This blog has two parts. The first part is an e-mail I received Wednesday from Dee Barnes, president of the Fresno City Employees Association — the city’s white-collar union.
Dee’s e-mail is a response to a blog I posted Tuesday evening. My blog was an analysis of how power works at City Hall in general, and how power works in the Measure G campaign in particular.
I give you Dee’s e-mail as she wrote it to me.
The second part of this blog is my Tuesday evening blog with a Wednesday morning correction and several additions.
The original blog had received 19 reader comments as of Thursday night. The reader comments are at the bottom of the original blog posted elsewhere on this site.
DEE BARNES’ E-MAIL
To say that I was disappointed with George Hostetter’s blog, titled “Measure G is about who gets the power,” is an extreme understatement. It is difficult to understand how a reputable and respected reporter could include so much misinformation and inflammatory anti-union statements in a newspaper blog. I am afraid that money and power are corrupting and changing the role of reporters and news organizations in our country.
I understand how much is at stake with the Measure G ballot issue on June 4th. There is a lot of money on the line and unfortunately too many see this as defining moment for power and political careers instead of what is best long term for our community. It is becoming more and more obvious that the Fresno Bee has chosen sides on Measure G and is no longer presenting facts in a fair and unbiased way to the residents. I believe ideology, money, and power are the major motives and George’s blog was catering to the segment of our population that already hates unions and public employees.
Our national economy has drastically changed since 2008 and many labor agreements should be scrutinized. However, salaries and benefits need to be looked at from the top down, including managers and elected politicians; not just the represented employees. The media should present actual facts and tell the entire story.
There were numerous inaccuracies in today’s blog and the article that was printed this past Sunday.

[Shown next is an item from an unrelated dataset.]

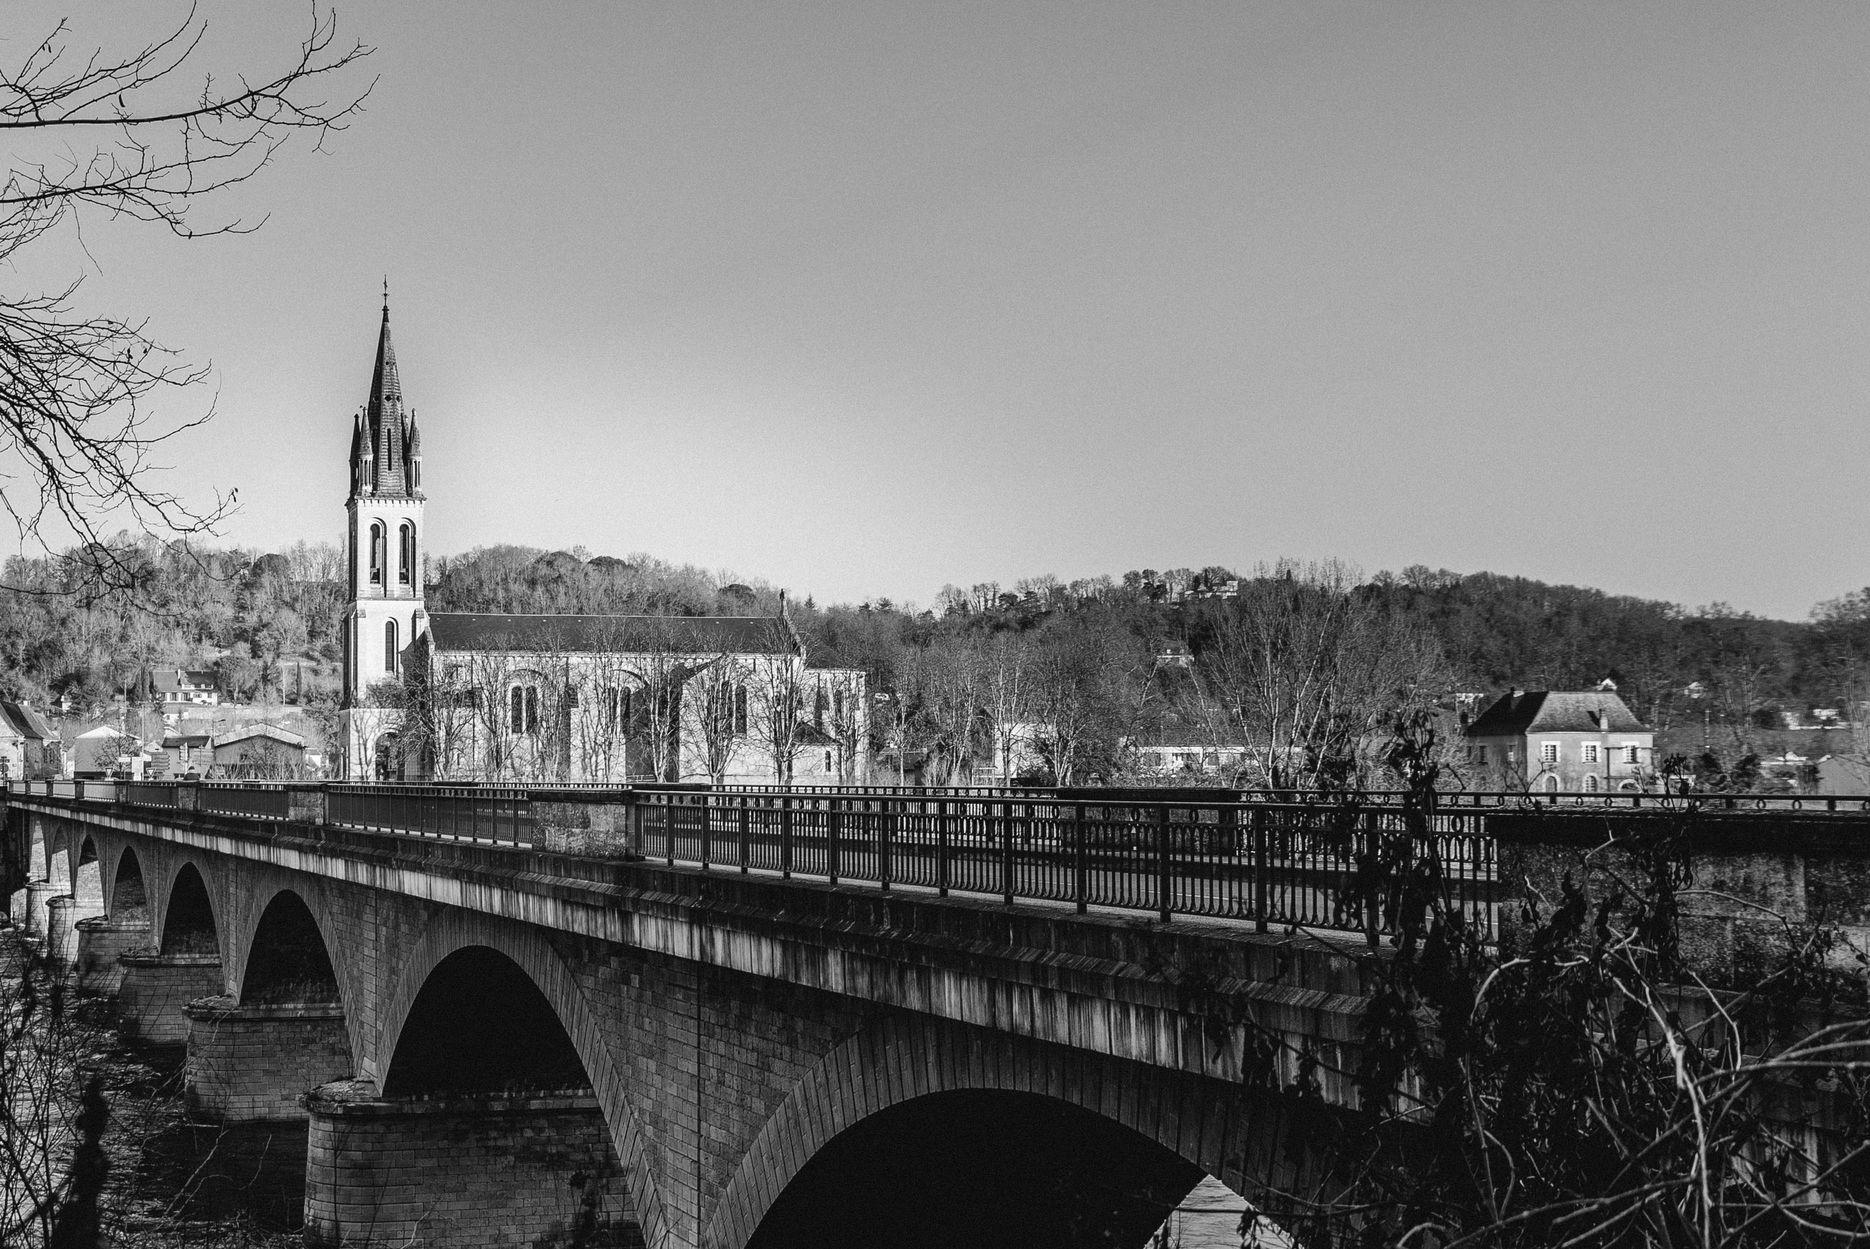 Petit_2_Vue de l_autre côté de la Dordogne.jpg

Here are just a few of the inaccuracies:
Overtime wages are NOT pensionable. Please see page 23 of the attached retirement summary plan or confirm with the city retirement office.

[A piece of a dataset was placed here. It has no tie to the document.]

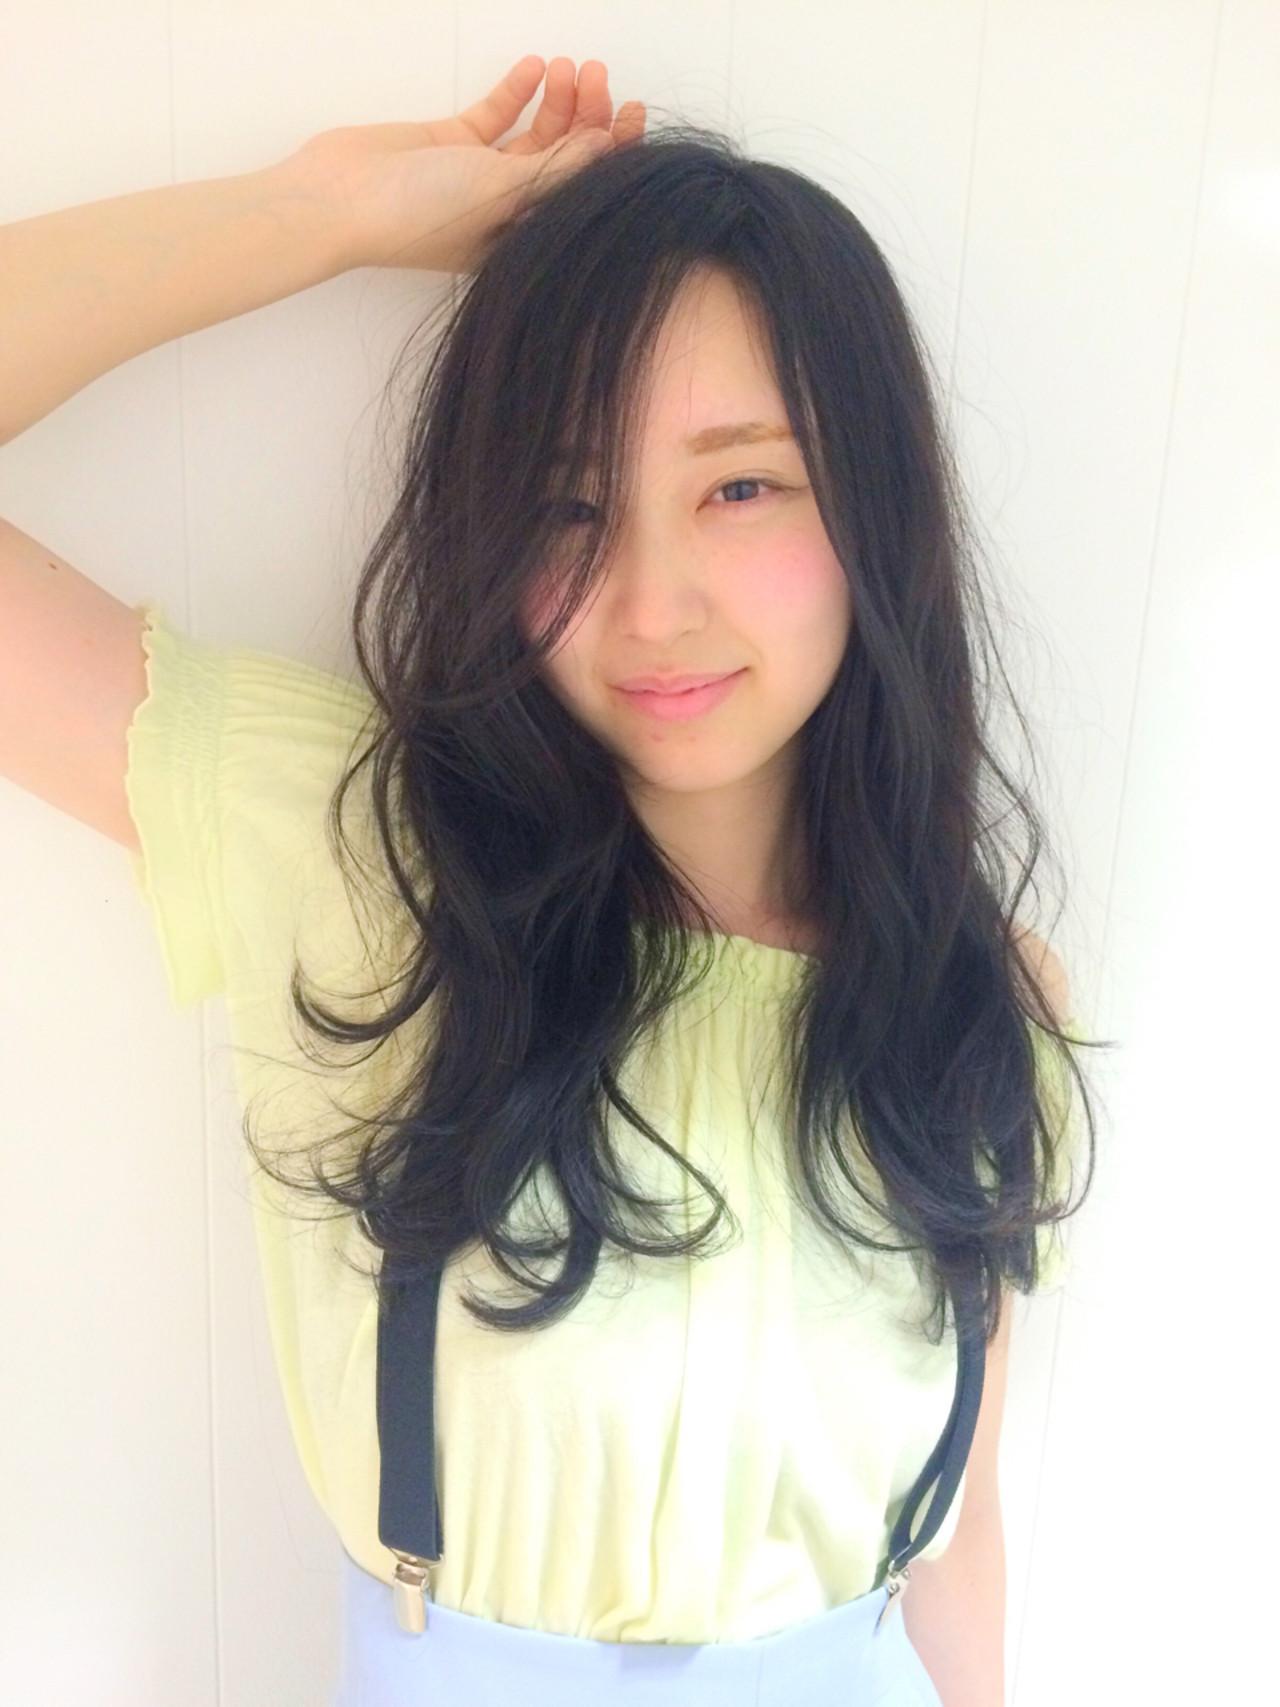 オシャレさんの代名詞♡今年の人気髪型をレングス別に特集! きたけん

Employees entering DROP have a variable interest rate and are no longer receiving a fixed 8%.
Council Members do not negotiate labor contracts. The City Manager works directly for the Mayor and is responsible for the negotiated labor contracts. Council ultimately approves labor contracts but they usually follow the recommendations of City Staff presented during CLOSED sessions with Council.

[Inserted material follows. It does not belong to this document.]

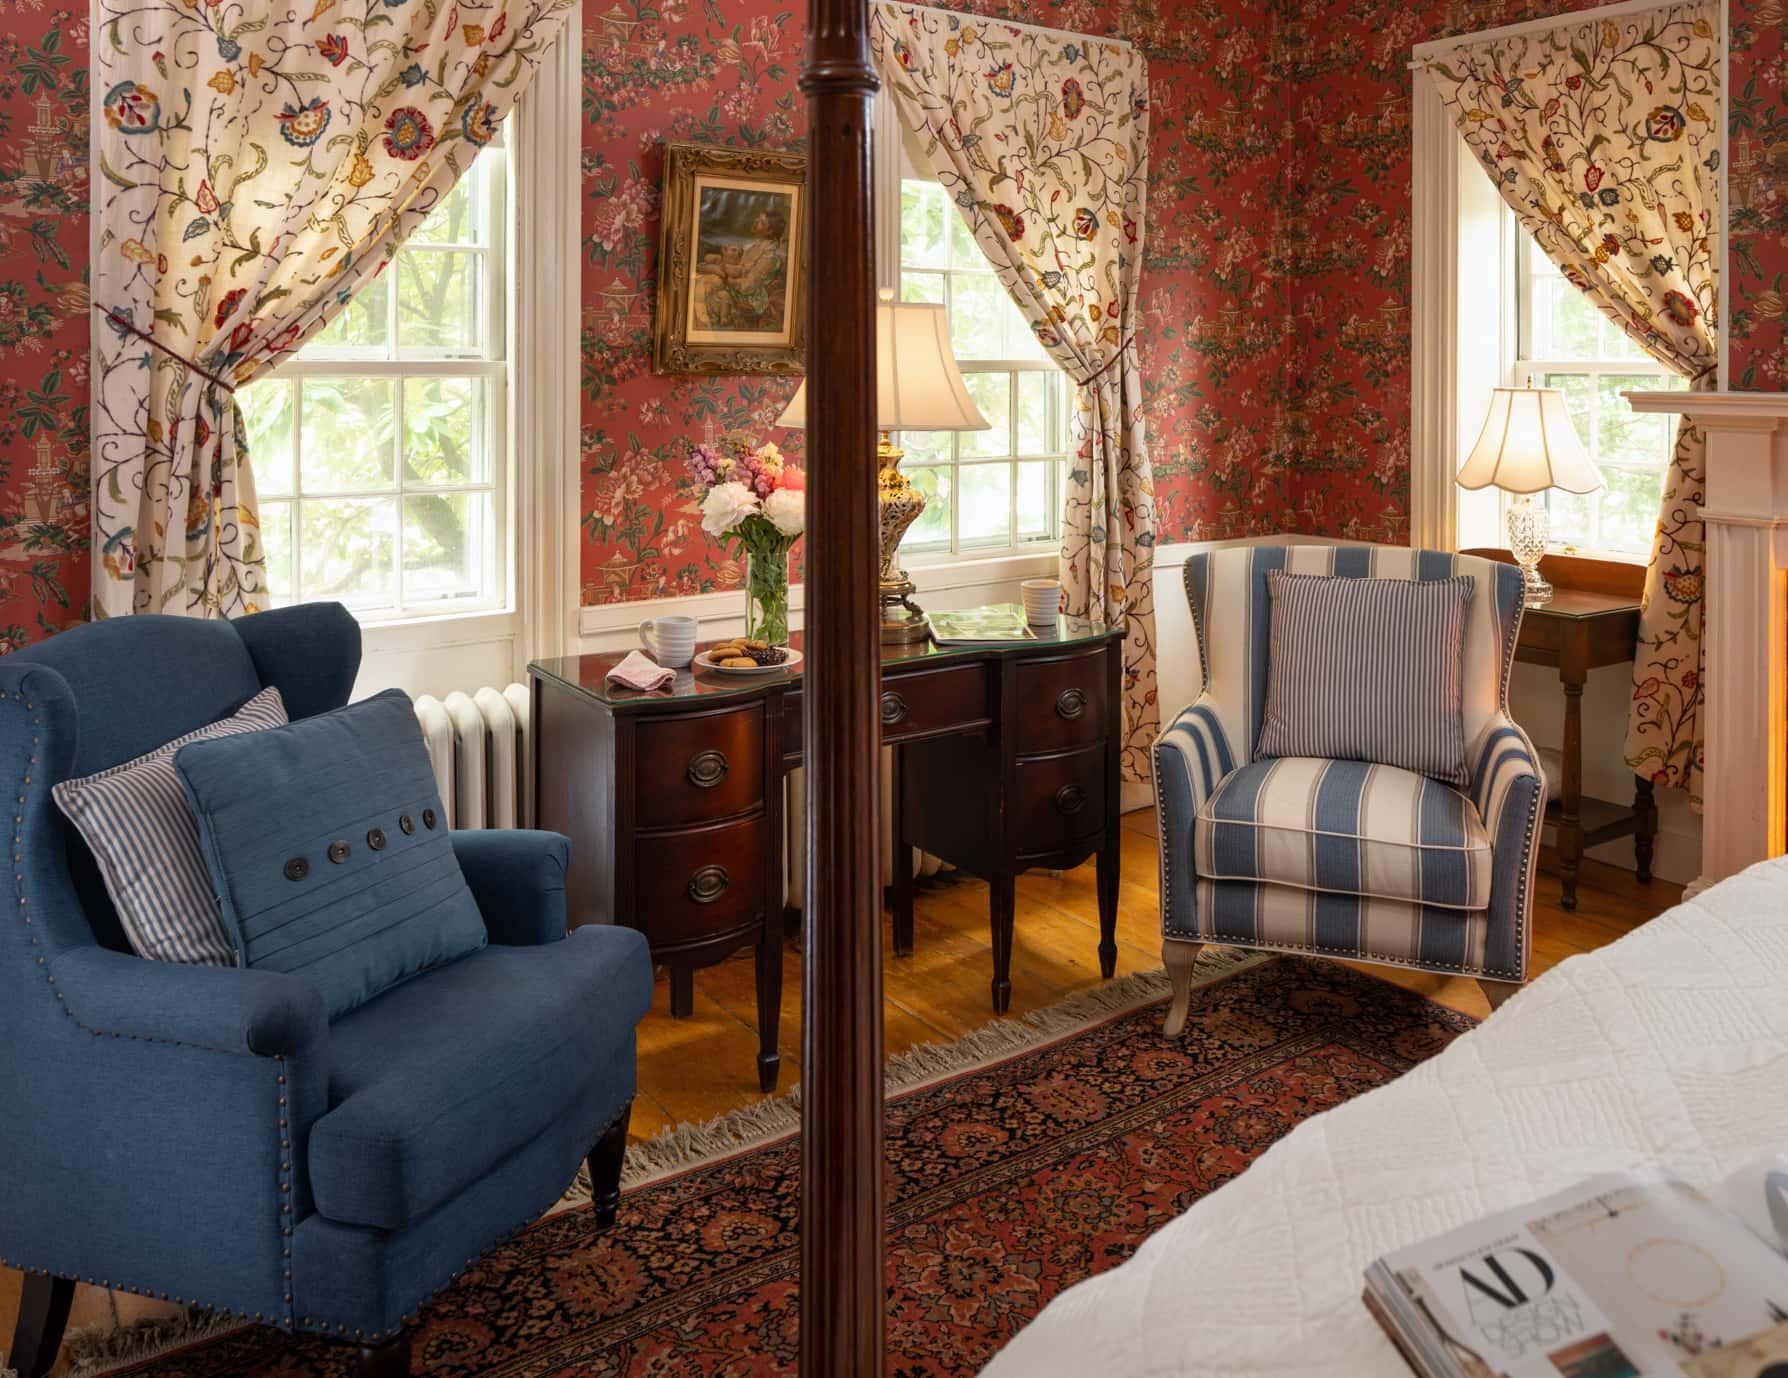 Room 10, Accommodations near Acadia National Park

Staffing levels, overtime approval, and garbage routes are decided by managers, not employees. If drivers were consistently finishing routes in less than 7 or 8 hours, the problem lies with the decision makers, not the line-level employees.
Local 39 offered to make changes to the “task” overtime system in the past, but the city wasn’t interested. It had nothing to do with the threat of privatization. They, along with at least two other labor groups have made concession offers that the city is refusing to seriously consider.
Lee Brand claims the driver’s contract provides for 47 days of paid leave but doesn’t mention that the Fresno Municipal Code provides 45 days of paid leave to all employees with 20 years of service. You don’t have to be in a union to receive those benefits and the 12 days of sick leave are only paid when an employee is actually sick. ALL permanent city employees, whether union or non-union, receive at least 13 holidays, 12 sick days, and 8 vacation days unless they are the select few that receive annual leave instead of sick and vacation. You should also look into Administrative Leave.
I will not even bother asking where George got the information published in his blog; but he should certainly be questioning the motives of his source. It is disappointing that City Hall appears to be encouraging the demonization of public servants and the perception that all public employees receive bloated salaries, benefits, and retirements.
I realize that newspaper readership has severely declined over the years and like so many other print publications the Fresno Bee is struggling. I have shared with George on more than one occasion that even though I may go days without even opening my newspaper I have so far refused to cancel my subscription because I believe we need local news outlets. My husband and I have been loyal Fresno Bee customers for around 36 years and even added the electronic version of the Bee to our subscription when it became available.
I realize that George “updated” his blog sometime this afternoon and apologized for his error. However, the damage was done and how many will go back and read the “updated” version? Unless there is a new blog or printed story that addresses the mistake regarding overtime and retirement along with some of the other inaccuracies and omissions, we will be canceling our subscription and sharing our decision with others. I will no longer support a newspaper with such an obvious bias against working people.
MY ORIGINAL BLOG, WITH CORRECTION AND ADDITIONS
Measure G is about who gets the power
by George Hostetter on May 21, 2013
READER NOTE: This blog has been updated to correct an error I made. Overtime is not pensionable for the city’s home trash drivers. My thanks to Marina Magdaleno at Local 39, Stan McDivitt at the City of Fresno Pension System and Fresno City Council Lee Brand for providing information in this updated blog. I apologize for my error.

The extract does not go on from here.